In the context of DLTs, sharding refers to the process of dividing the network's computational and storage workload across multiple smaller groups of nodes, called shards, each responsible for processing a subset of the network's transactions and storing a portion of the global state.

Background

The primary goal of sharding in DLTs is to increase the overall throughput and capacity of the network without sacrificing decentralization or security. By allowing multiple shards to process transactions in parallel, sharding aims to overcome the limitations of ‘full replication’ where every node must process and store all transactions.

Sharding has gained significant attention in the blockchain community as a potential solution to the scalability trilemma, which posits that blockchain systems can only achieve two out of three desirable properties: scalability, security, and decentralization. By implementing sharding, projects such as NEAR, MultiversX and Radix aim to maintain high levels of security and decentralization while dramatically improving scalability.
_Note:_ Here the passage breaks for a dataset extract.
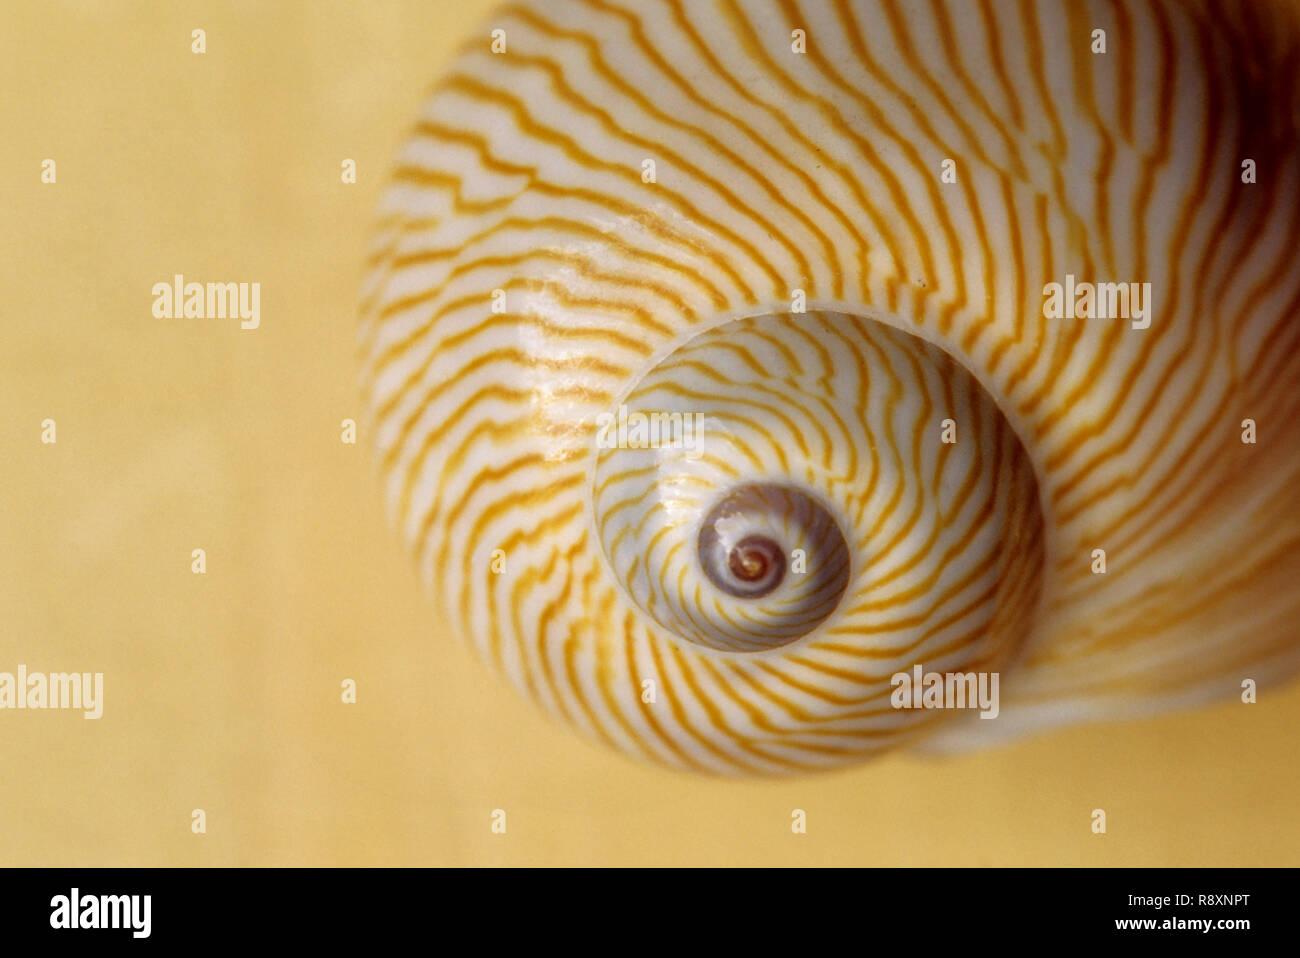 Primeros planos de shell, concepto, india Imagen De Stock

The concept of sharding in DLTs extends beyond simply partitioning data; it encompasses complex mechanisms for ensuring data availability, cross-shard communication, and maintaining overall network consistency.

Technical Fundamentals

Sharding is a concept borrowed from traditional database systems and adapted for use in distributed ledger technology.

Database Sharding

In traditional database systems, sharding is a method for distributing data across multiple machines. It involves breaking a large database into smaller, more manageable partitions called shards. Each shard contains a subset of the data and is stored on a separate server. This approach allows for horizontal scaling, where additional servers can be added to increase capacity and performance.

There are two main types of database sharding:

Vertical Partitioning: Different tables from the same database are stored in different instances.
Horizontal Partitioning: A database table is split into separate sets of rows, stored in different database instances.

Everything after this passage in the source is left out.